[[ Information provided, beginning ]]
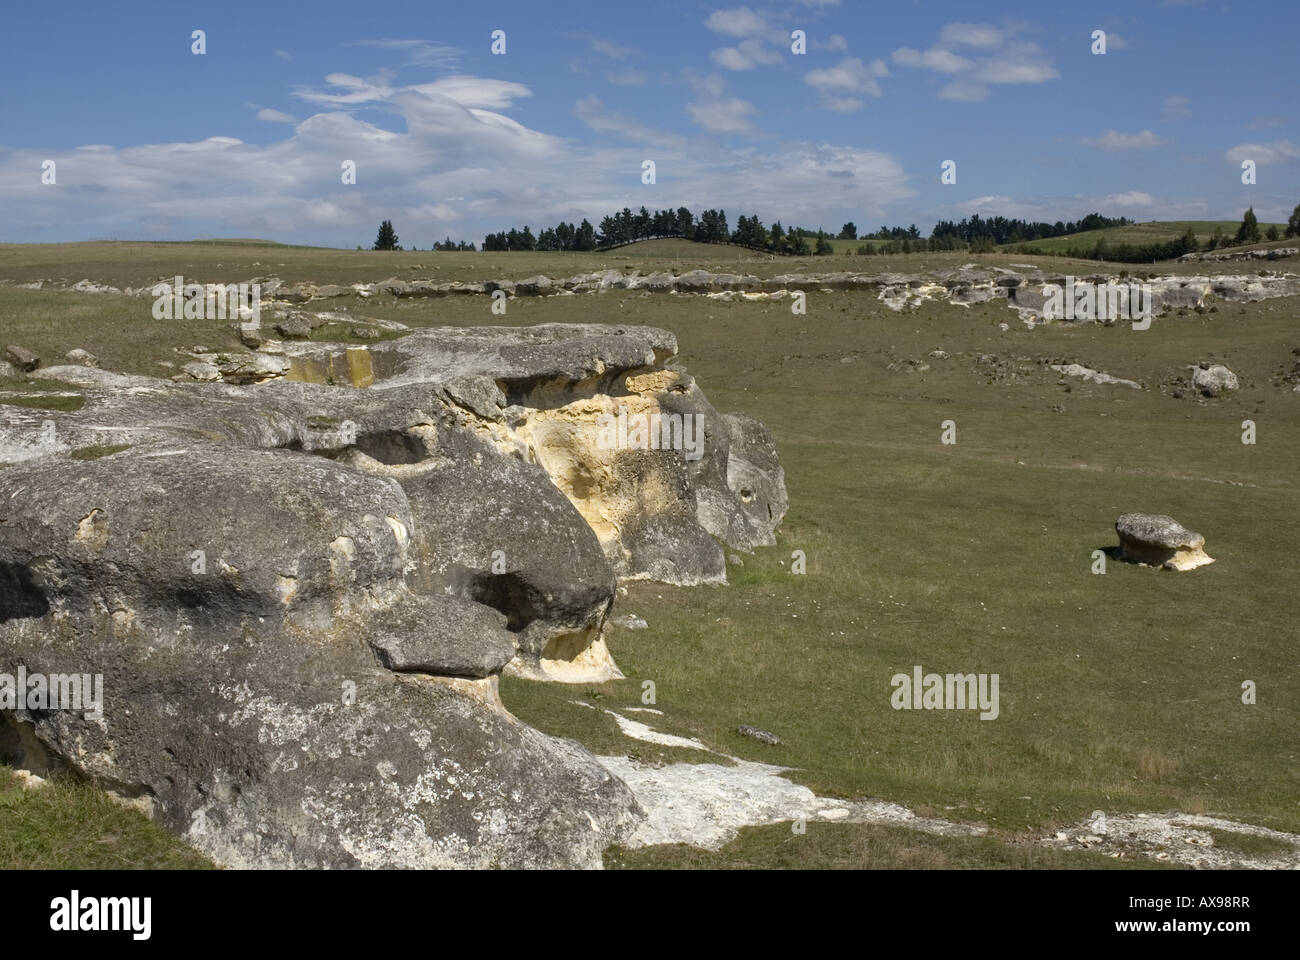 The weird landscape at Elephant Rocks, North Otago in the South Island of New Zealand Stock Photo
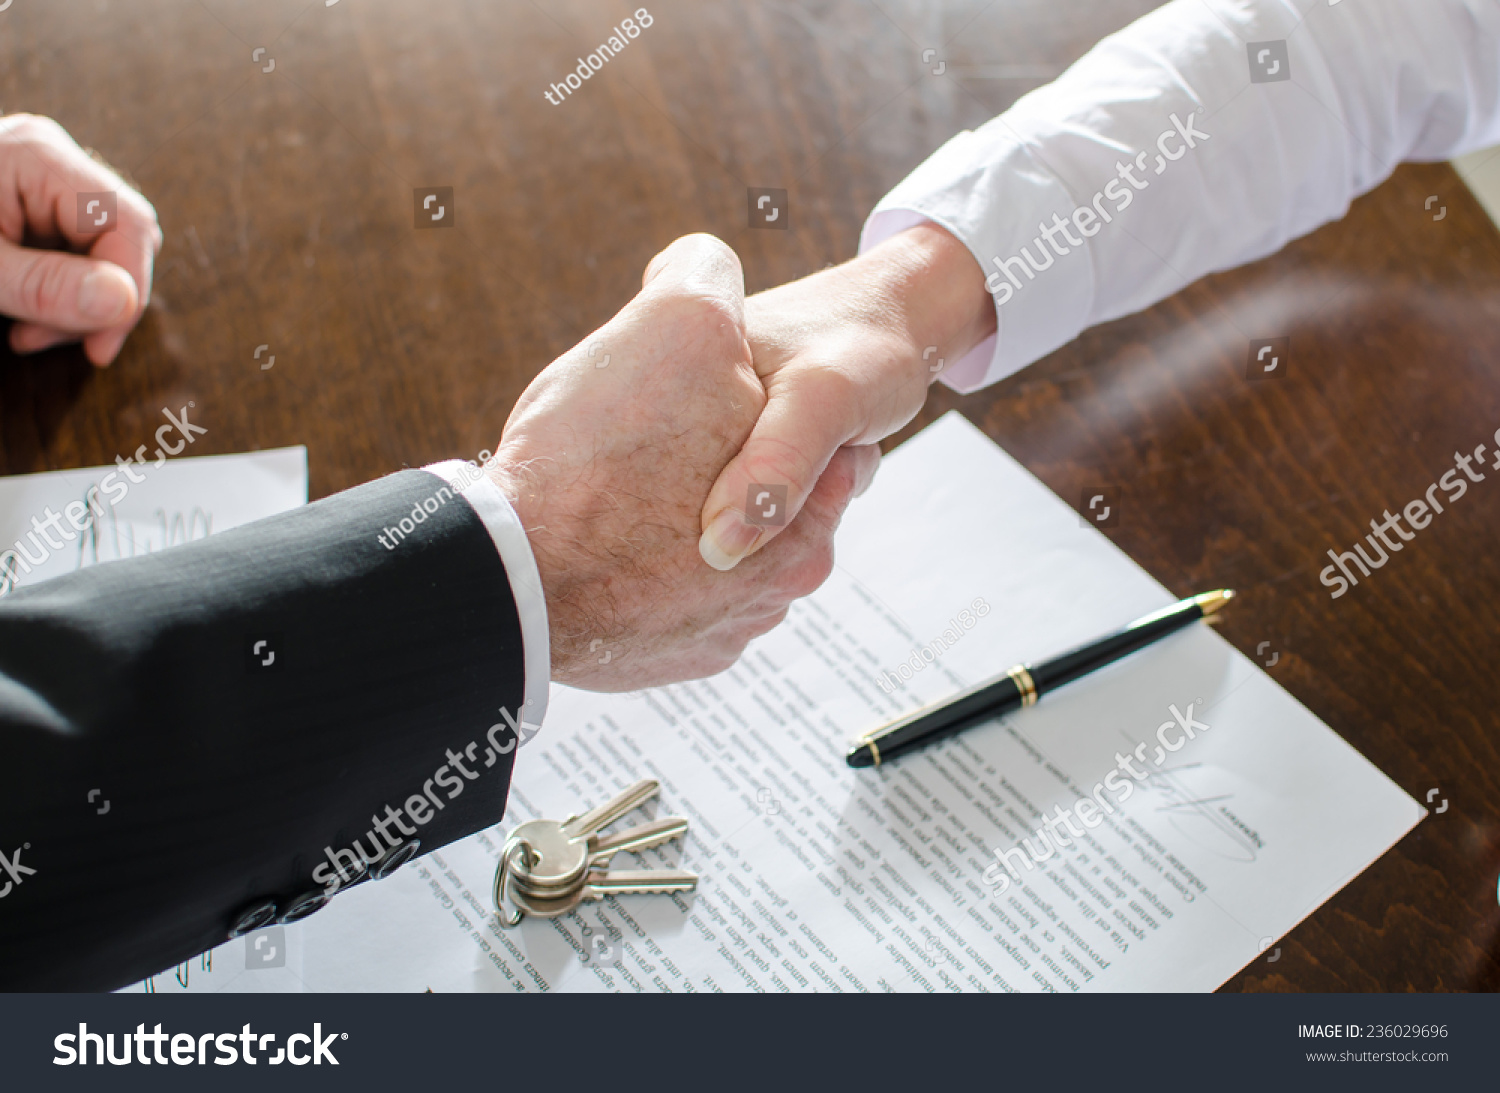 Estate agent shaking hands with his customer after contract signature #236029696
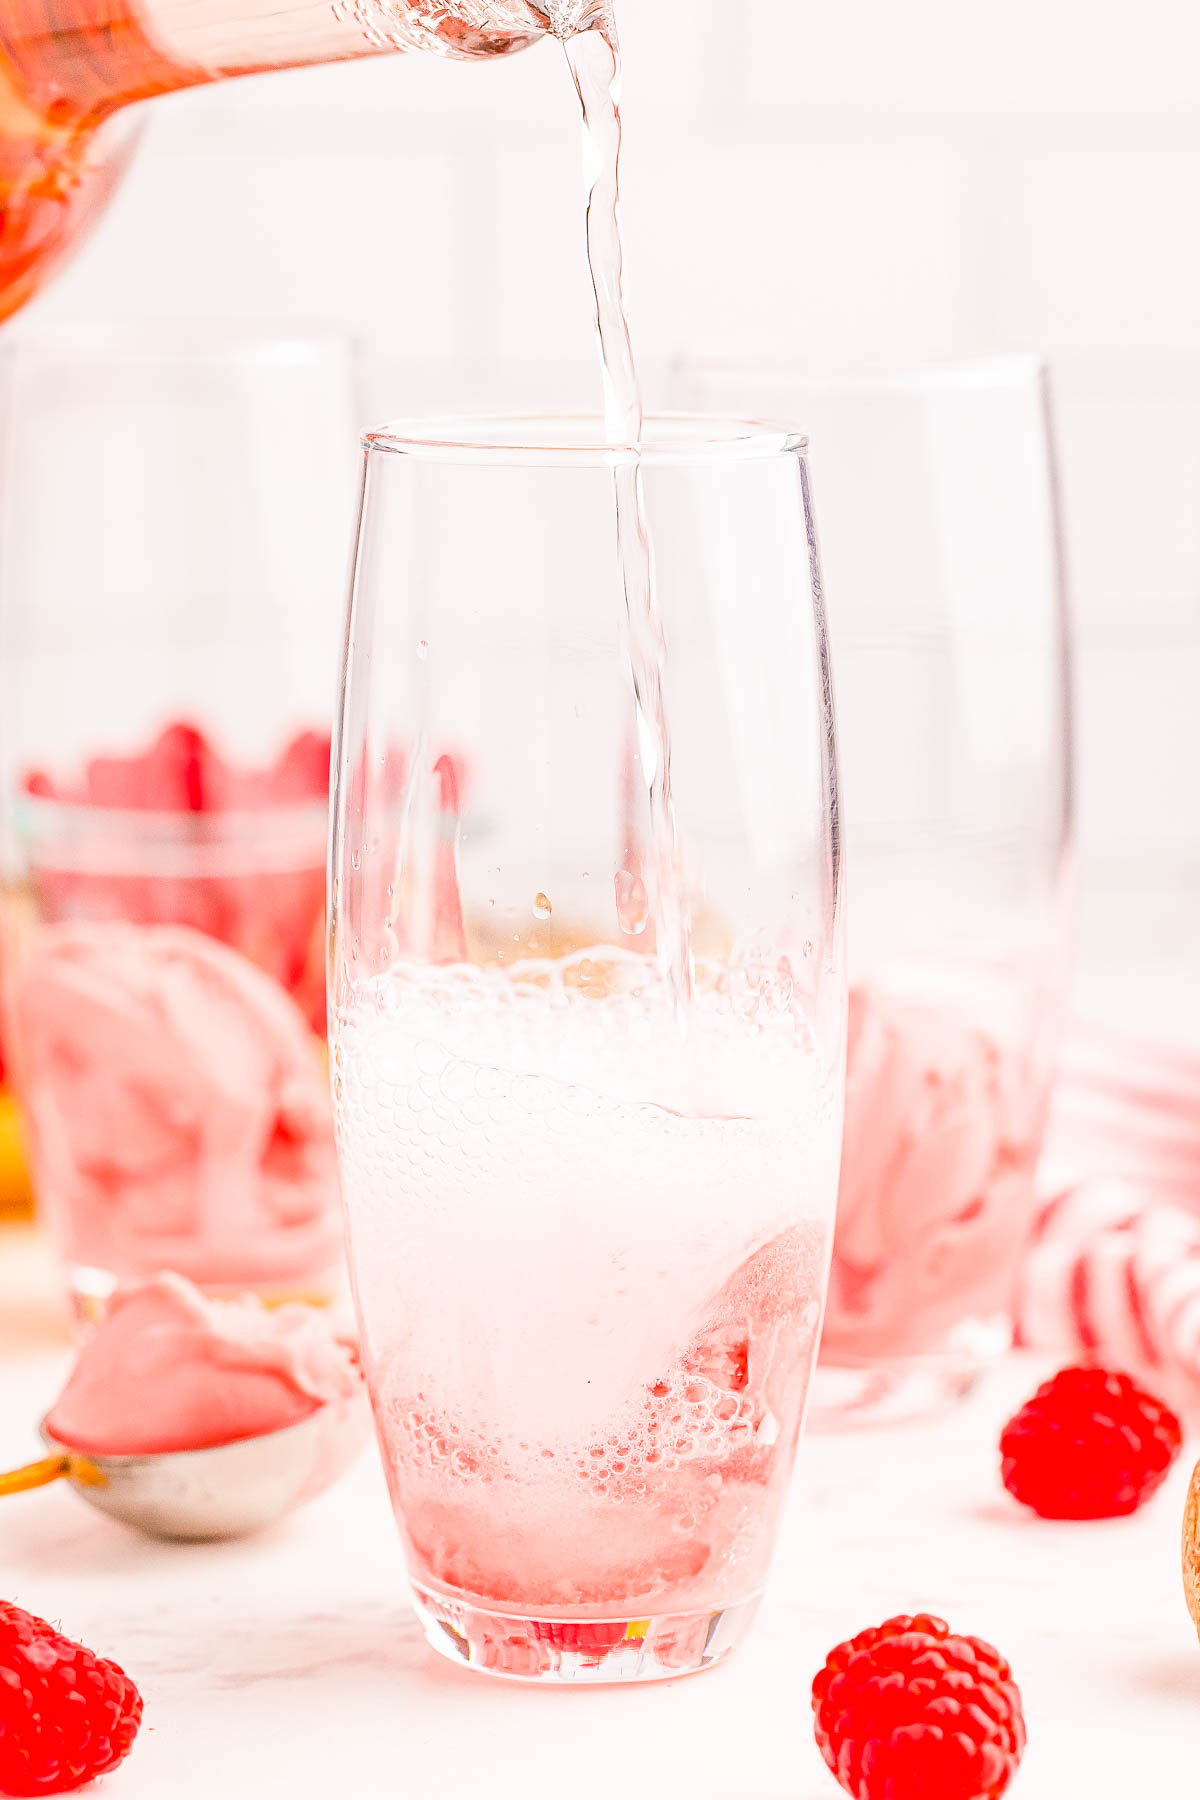 A close-up of a drink being poured into a glass containing a scoop of raspberry sorbet. Other similar glasses with sorbet and fresh raspberries are in the background.
[[ Information provided, end ]]
• [Task details]: Return the material in full, word for word, and skip the pictures.

• [Output of the exercise]:
 The weird landscape at Elephant Rocks, North Otago in the South Island of New Zealand Stock Photo
 Estate agent shaking hands with his customer after contract signature #236029696
 A close-up of a drink being poured into a glass containing a scoop of raspberry sorbet. Other similar glasses with sorbet and fresh raspberries are in the background.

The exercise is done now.